射影変換によって互いに写り合う3次曲線は同型とみなされます.jー不変量はモジュラー不変量とも呼ばれ,
j(λ)=j(1−λ)=j(1/λ)
=j(1−1/λ)=j(1/(1−λ))=j(λ/(1−λ))
ですから,4個の点{0,1,λ,∞}の入れ替えに依存しないinvariantで,最も単純で重要な保型関数と考えられます.
複比を
λ={(λ0−λ2)/(λ1−λ2)}/{(λ0−λ3)/(λ1−λ3)}
によって定義すると,λiの順序を変えるとλの値は変わります.すなわち,{λ0,λ1,λ2,λ3}からつくられる複比の値は,
λ,1−λ,1/(1−λ),1/λ,λ/(λ−1),(λ−1)/λ
の6つのどれかに移ります.{λ0,λ1,λ2,λ3}の6つの対に対して計算すればこのことは容易に確かめられます.
この順序による曖昧さを消すために,λの6つの分数変換の不変式をとって,
j=2^8(λ^2−λ+1)^3/λ^2(λ−1)^2
とおくのです.複比は一次分数変換で不変であり,jもまた射影変換で不変です.(直線上の4点の複比は射影によって不変である)
なお,
j(λ)=j(1−λ)=j(1/λ)
が成り立てば,あとの等式はこの2つから導かれますから,有理関数
(λ^2−λ+1)^3/λ^2(λ−1)^2
が本質的であって,係数2^8には本質的な意味はありません.実際,
(x^2−x+1)^3/x^2(x−1)^2=(λ^2−λ+1)^3/λ^2(λ−1)^2
と,変数xの方程式を考えると,
λ^2(λ−1)^2(x^2−x+1)^3−(λ^2−λ+1)^3x^2(x−1)^2=0
はλ≠0,1より,6次方程式となり,
λ,1−λ,1/(1−λ),1/λ,λ/(λ−1),(λ−1)/λ
のどれを代入しても成り立ちます.重複が生ずるのは
λ^2−λ+1=0,λ=1/2,λ=−1,λ=2
の場合に限ります.
y=ax^3+bx^2+cx+dという方程式で定まる曲線はおなじみの3次曲線ですが,yのところがy^2に変わるとワイエルシュトラスの楕円曲線:
y^2=ax^3+bx^2+cx+d
になります.ただし,a,b,c,dは有理数で,右辺の3次式は重根をもたないものと仮定します.楕円曲線をワイエルシュトラス形式に制限しても一般性を失いません.実際,どのような楕円曲線もワイエルシュトラス形式の楕円曲線に双有理的に同値だからです.

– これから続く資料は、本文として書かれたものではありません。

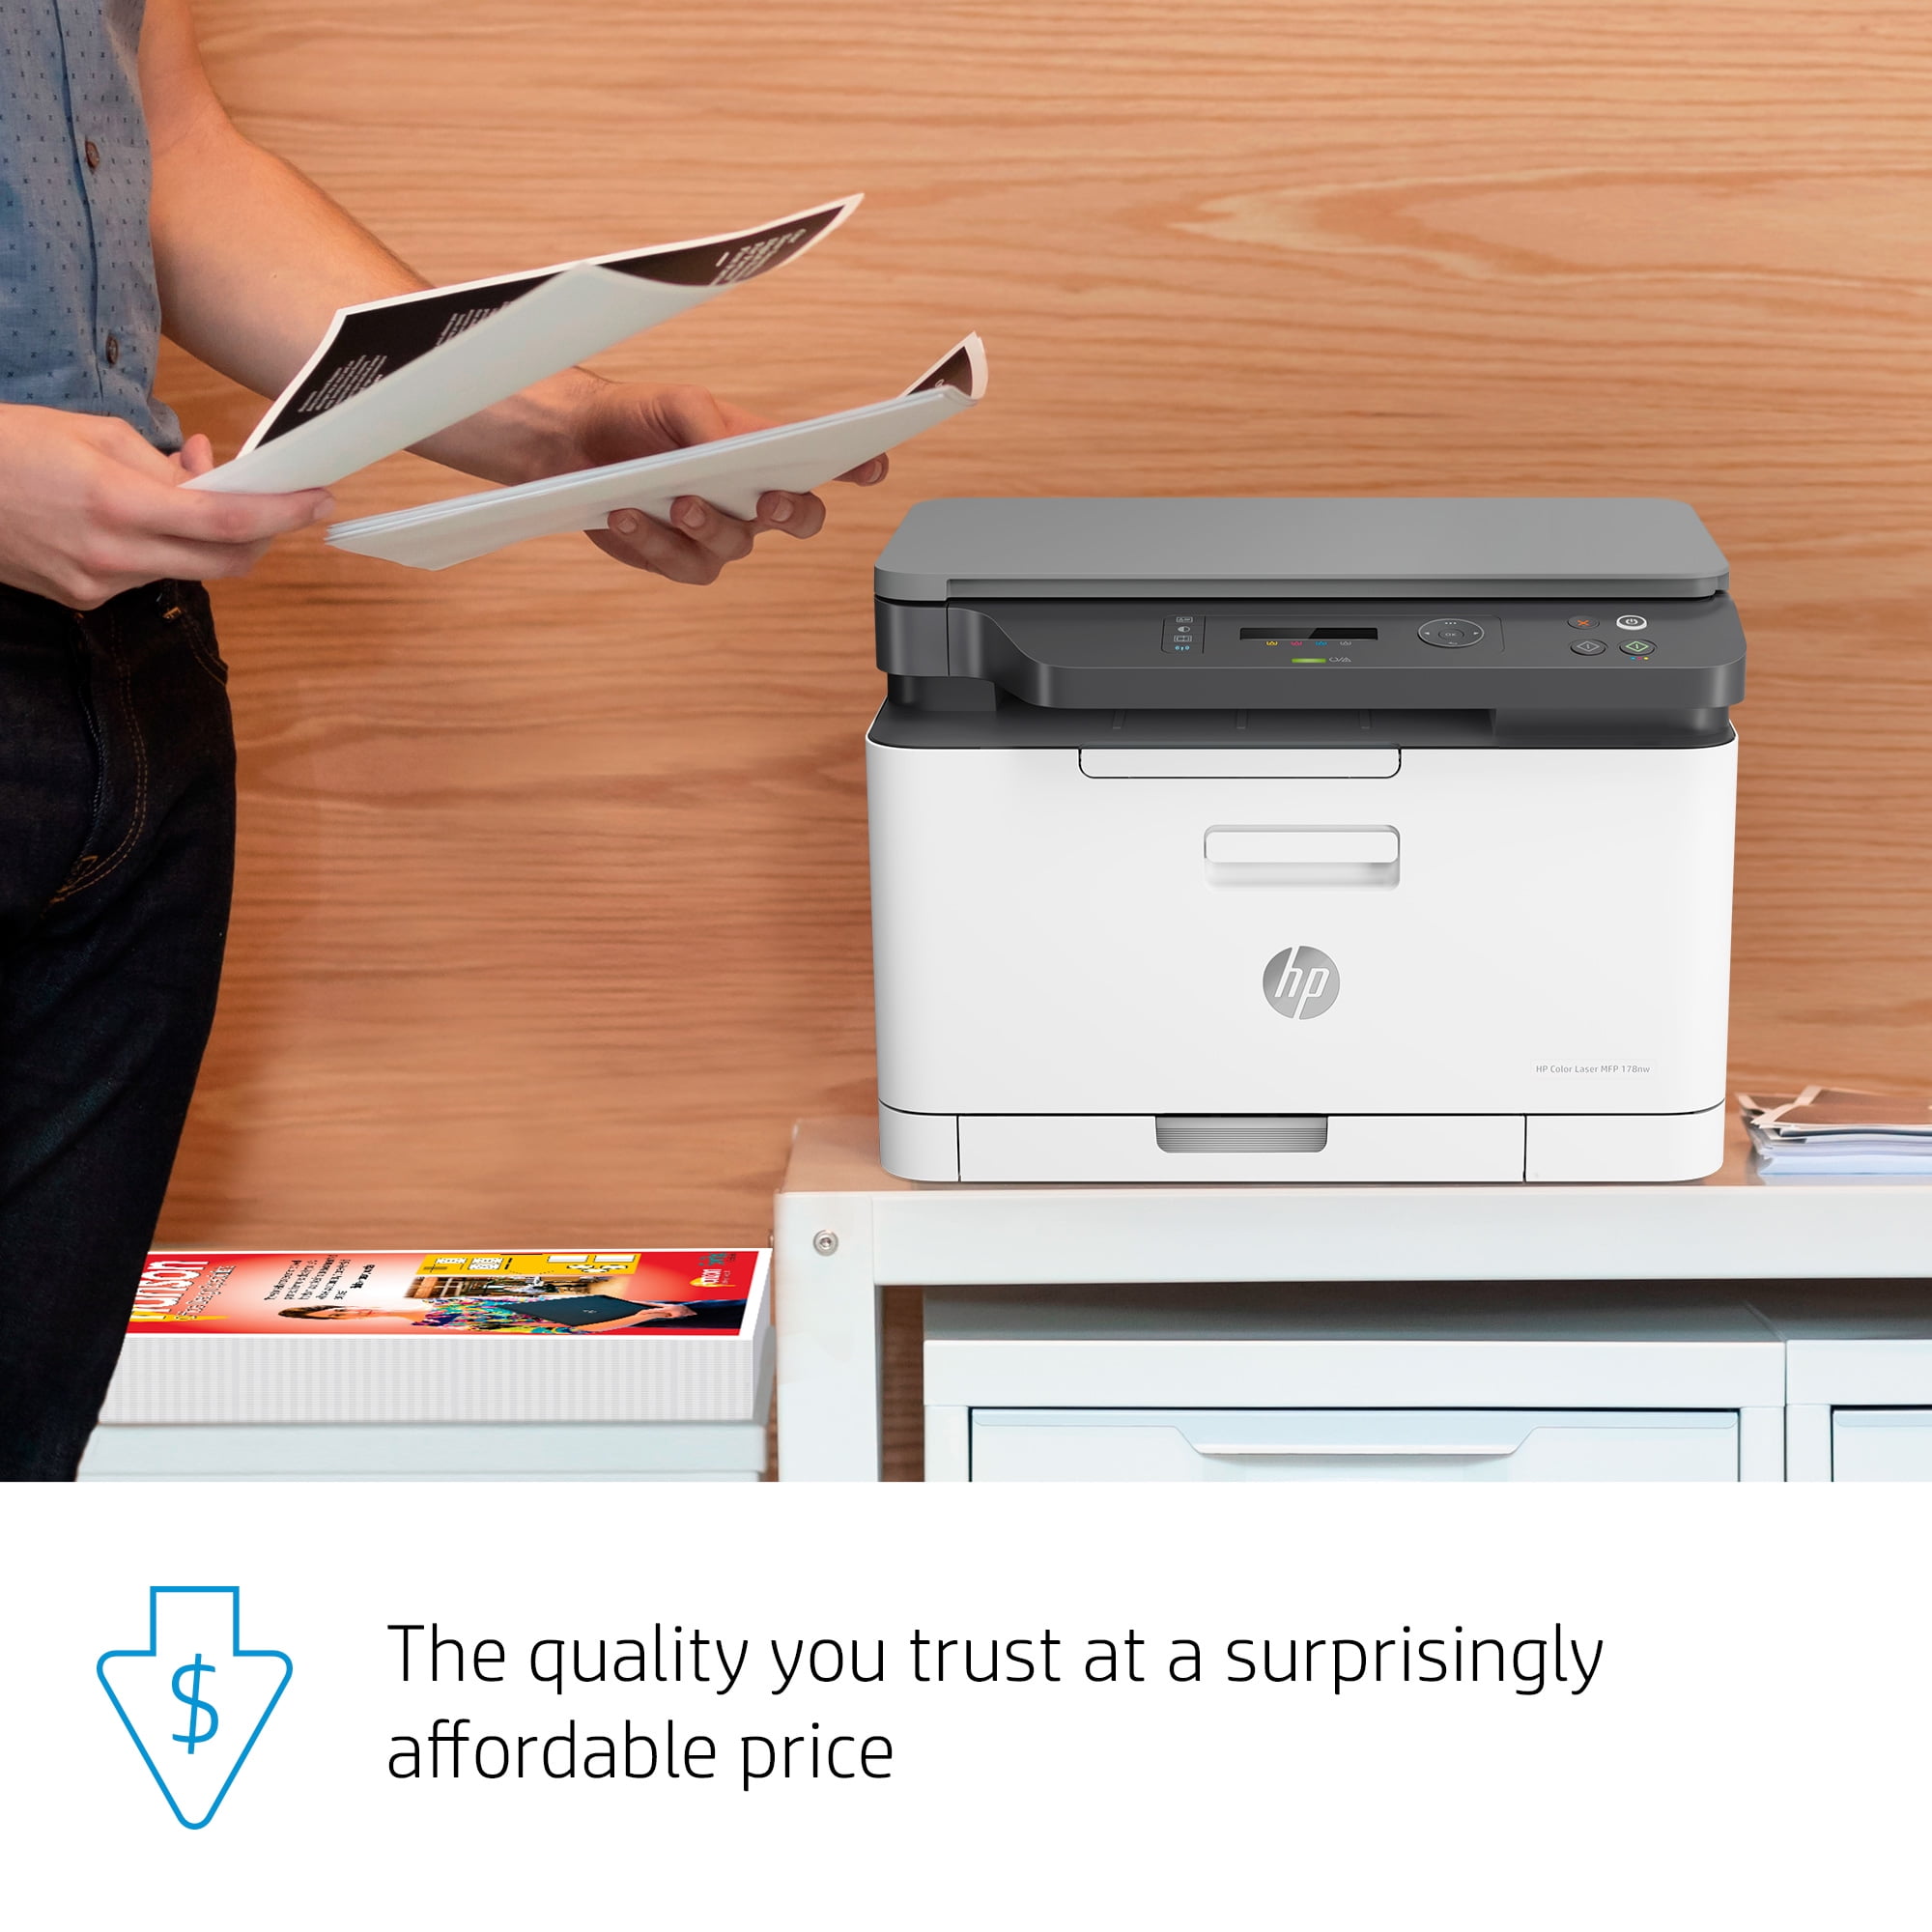 HP Color Laser MFP 178nw Wireless All in One Laser Printer, 4ZB96A

また,x^2の項の係数はx’=x+b/3aと変数変換(カルダノ変換)することによって簡単に消すことができますから,
y^2=x^3+ax+b (4a^3+27b^2≠0)
を楕円曲線と定義しても構いません.4a^3+27b^2≠0は重根をもたないための条件です(判別式:Δ=−(4a^3+27b^2)).
ワイエルシュトラスの標準形:
y^2=x^3+ax+b (2^2a^3+3^3b^2≠0)
のj-不変量を計算すると,
j=2^8・3^3b^2/(2^2a^3+3^3b^2)
となります.jー不変量は,2つの楕円曲線が同じjー不変量をもつかどうかなど,3次曲線を分類する(見分ける)ための指標になっているのです.
なお,jは射影変換不変量であるばかりでなく,双有理変換不変量です(サーモンの定理).
[参]ヘッセの標準形
非特異3次曲線は9個の変曲点をもつ.そのひとつを(0,1,0)とし,そこでの接線がz=0となるように射影座標をとると,ワイエルシュトラスの標準形:
y^2z=4x^3−g2xz^2−g3z^3
の形にできる.
さらに,9個の変曲点が
(−1,ω^i,0),(−1,0,ω^i),(0,−1,ω^i)
ωは1の虚数立方根,i=0,1,2
となるような射影座標をとると,ヘッセの標準形
x^3+y^3+z^3−3λxyz=0
に正規化することができる.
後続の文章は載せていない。